EXERCISE DETAILS :: Beginning with the line that holds "MMO Dámske tričko", copy each line through the end of the material below, exactly and with no pictures.
── DATASET EXTRACT ──
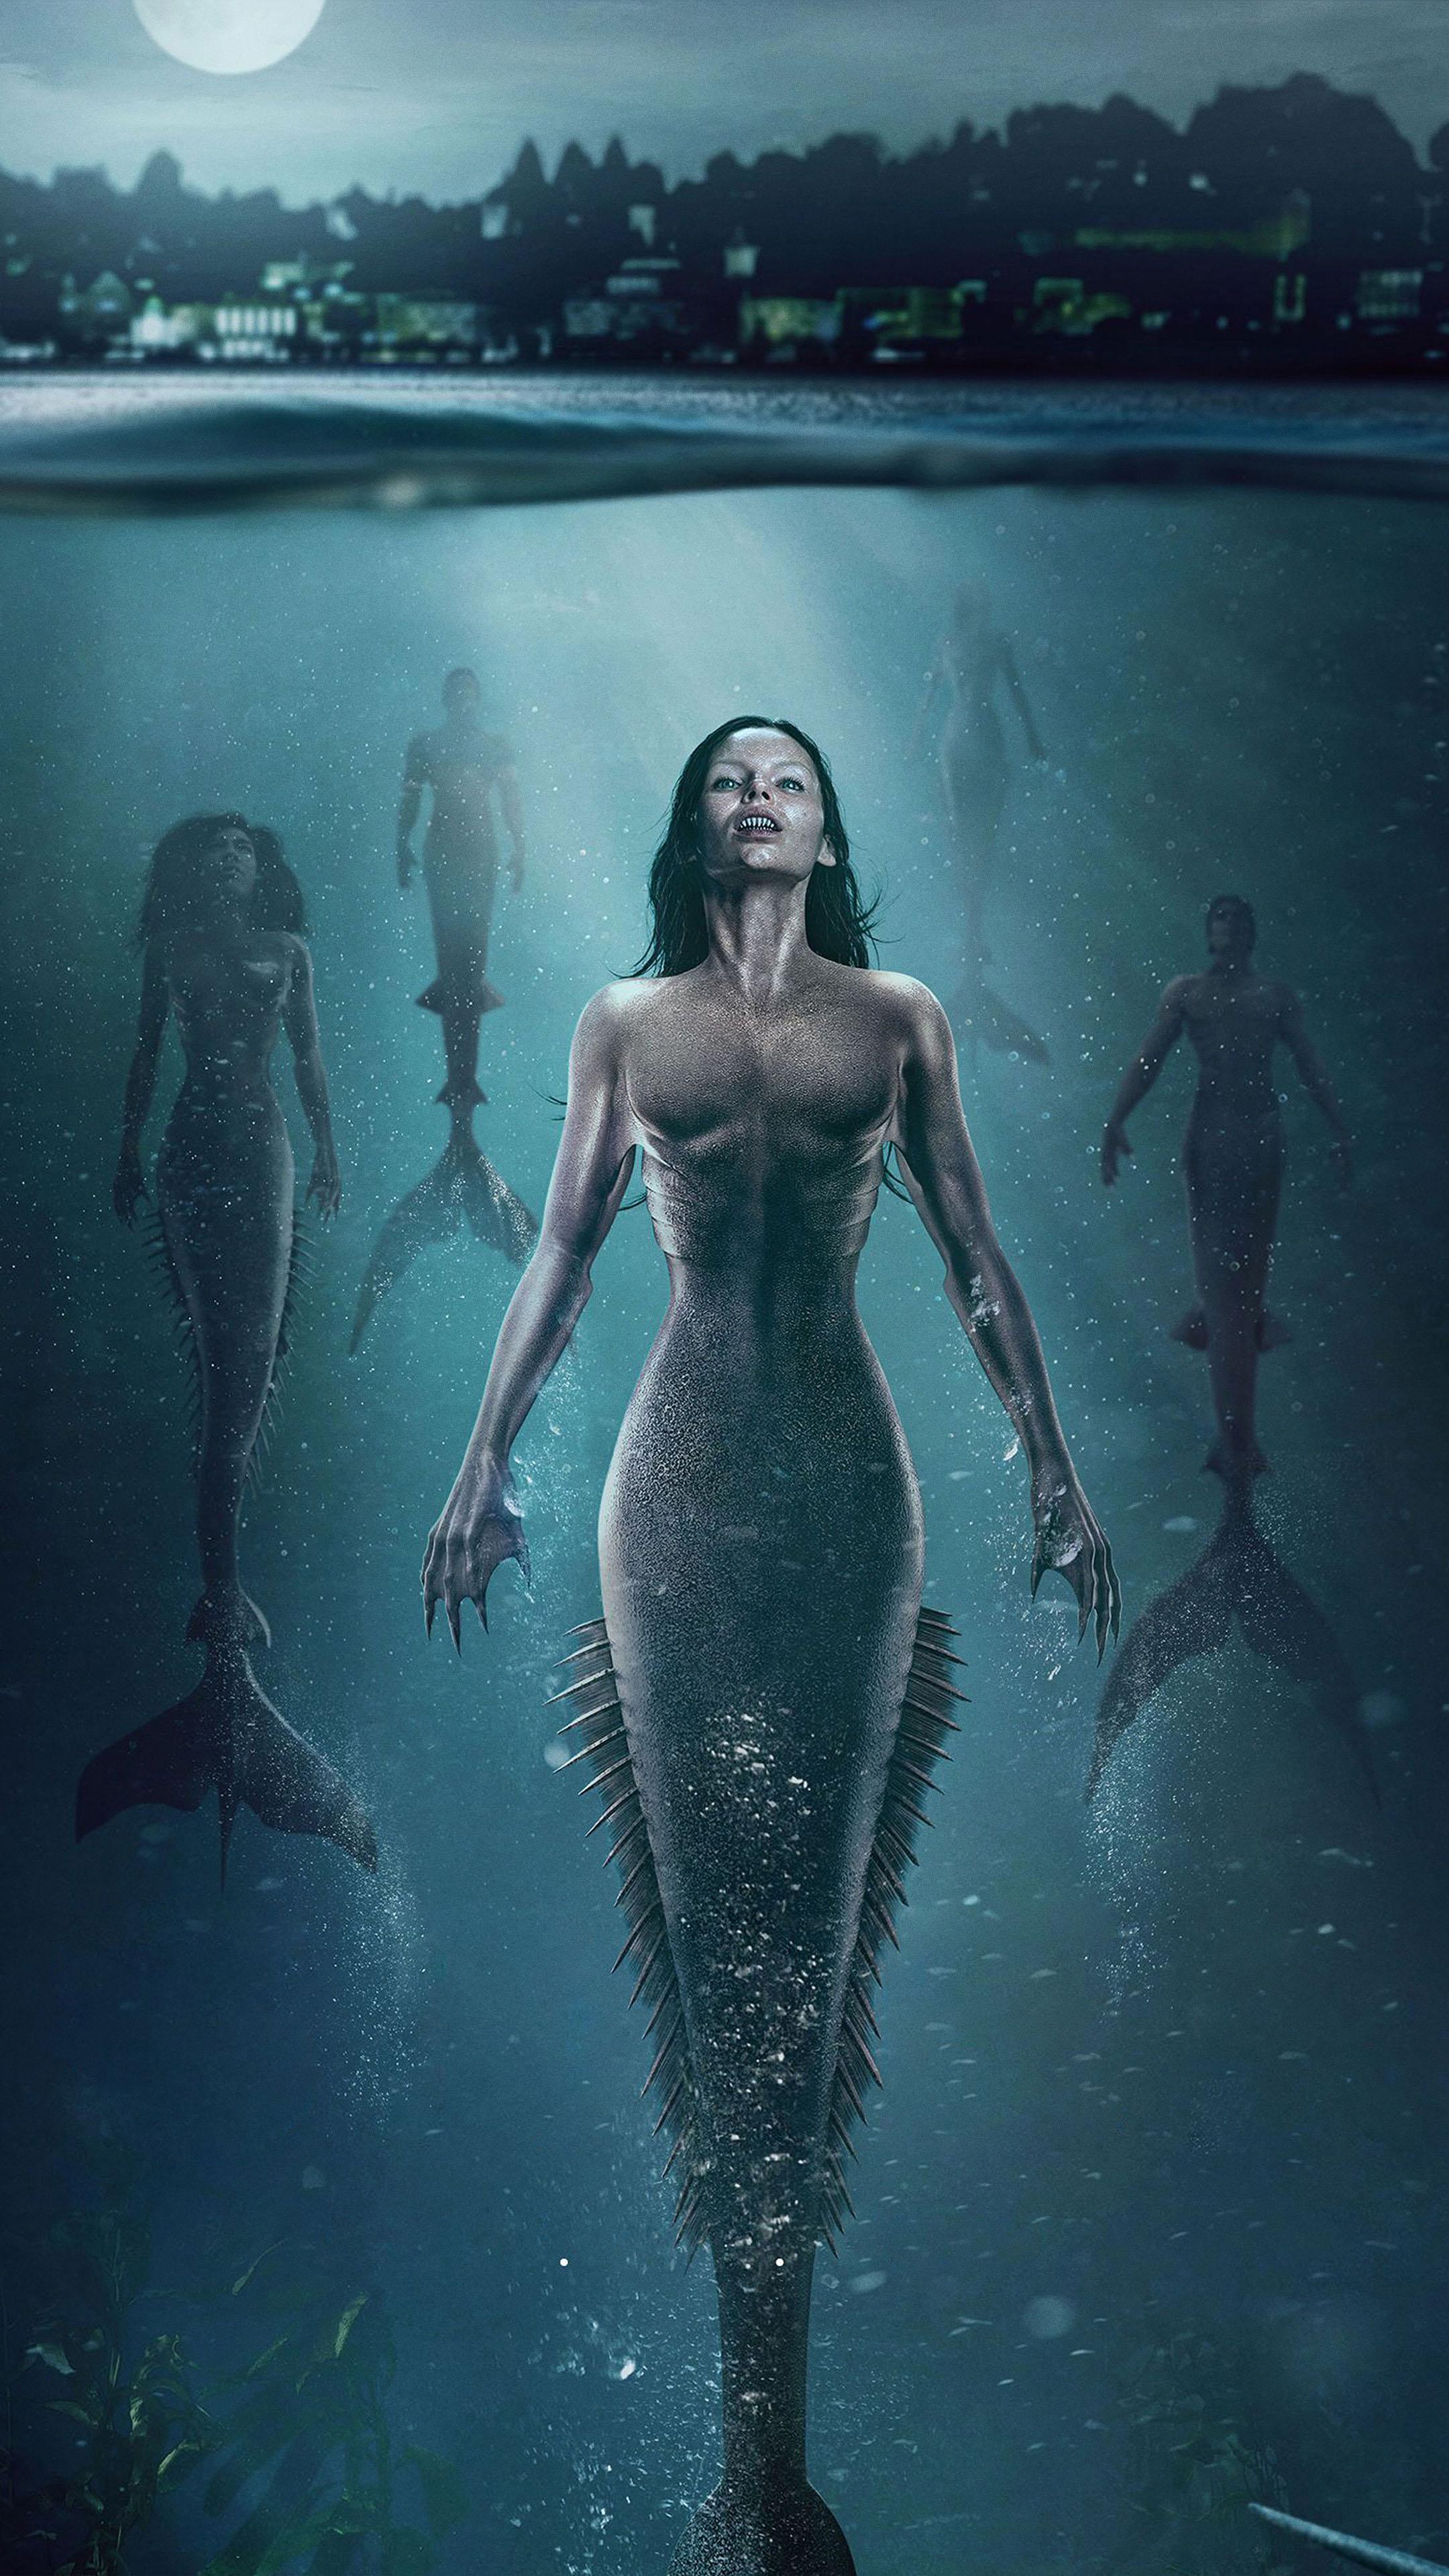 Mermaids In Siren Season 2 2019 4K Ultra HD Mobile Wallpaper
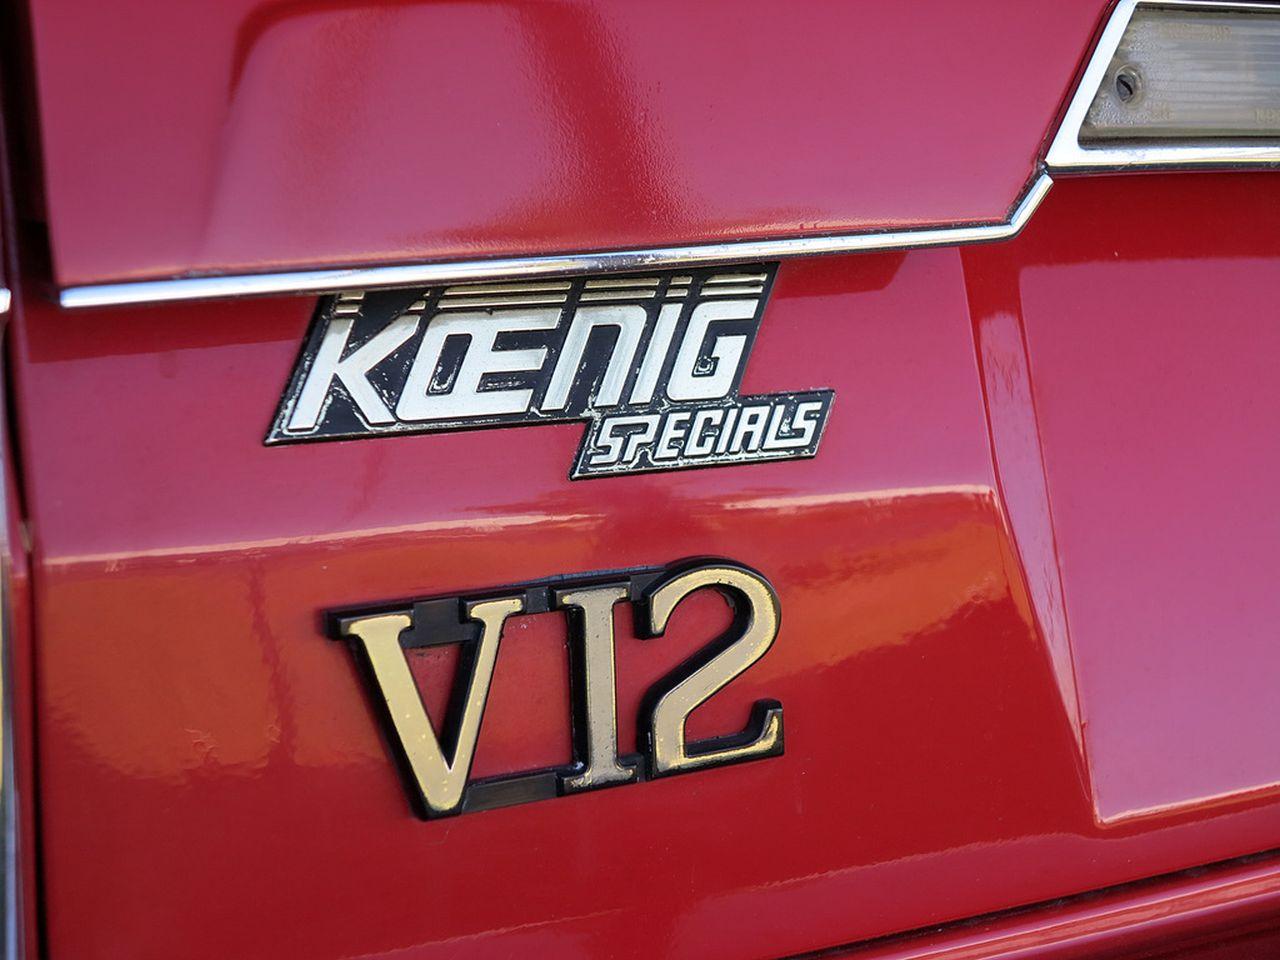 1982 Jaguar XJS Koenig Specials - Parce qu'en soi ton avis... 5
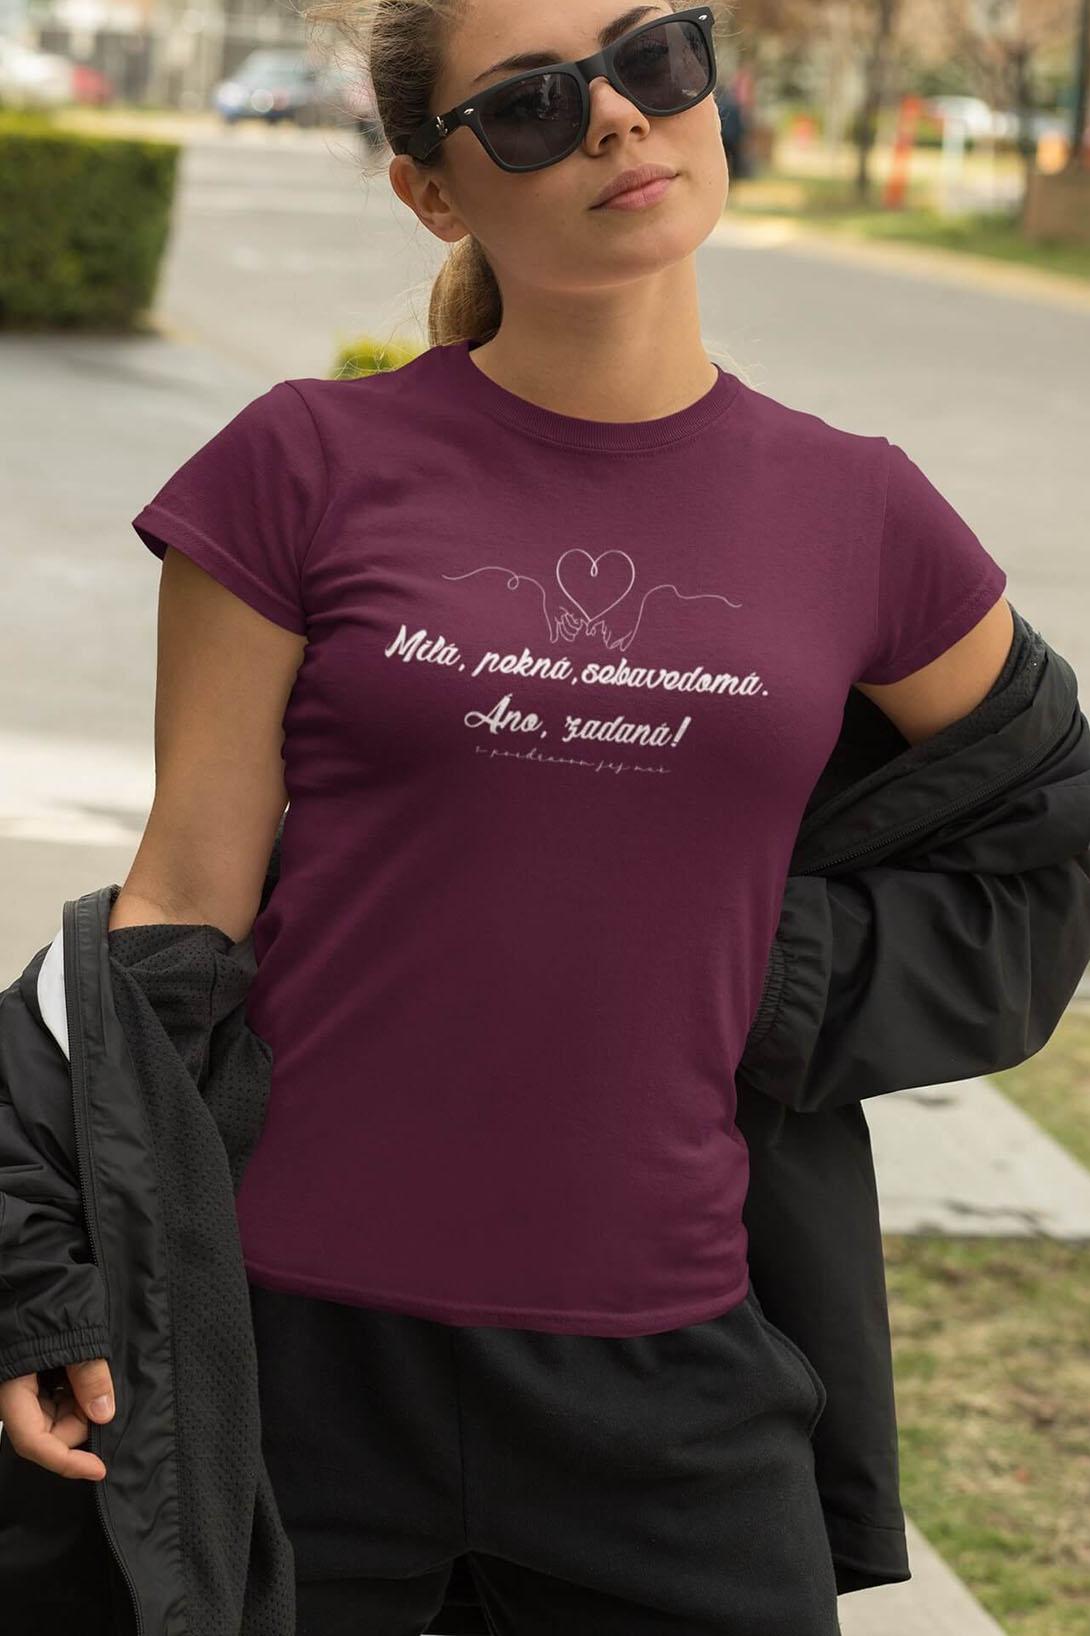 MMO Dámske tričko Milá, pekná, sebavedomá Vyberte farbu: Fuchsiová, Vyberte veľkosť: M
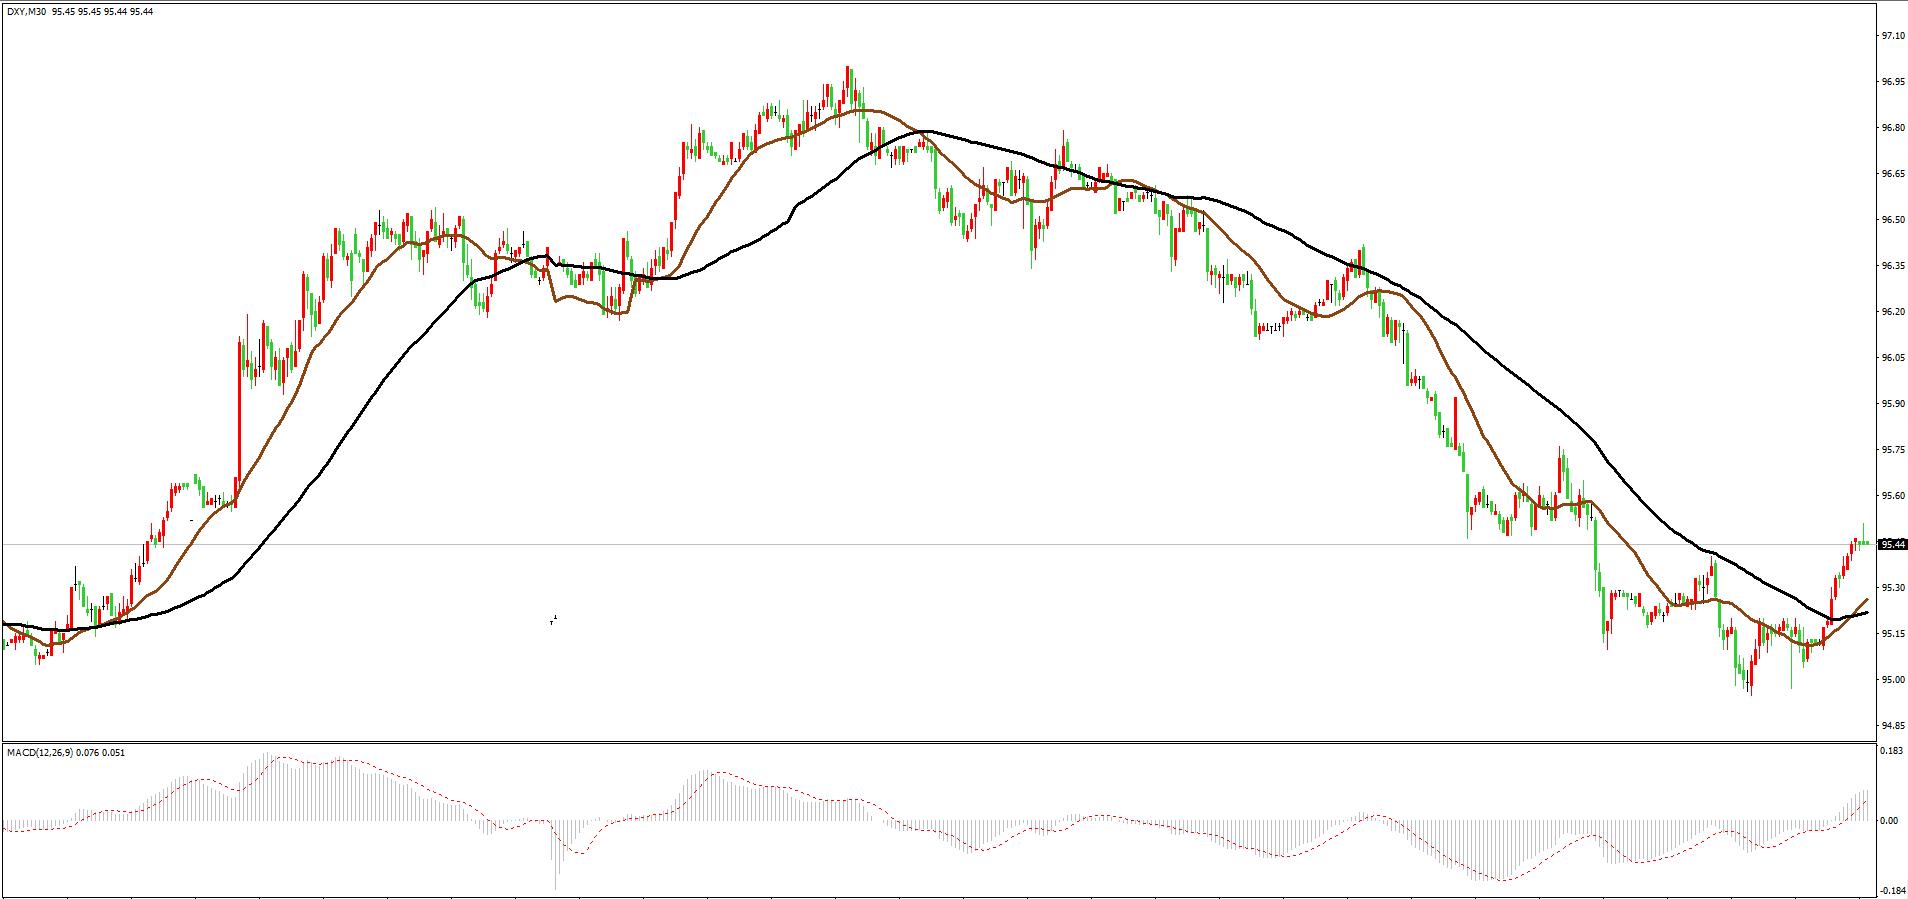 美联储暗示秋季重启货币框架讨论 黄金短期或受此支撑止跌上行
───
TASK ANSWER ::
 MMO Dámske tričko Milá, pekná, sebavedomá Vyberte farbu: Fuchsiová, Vyberte veľkosť: M
 美联储暗示秋季重启货币框架讨论 黄金短期或受此支撑止跌上行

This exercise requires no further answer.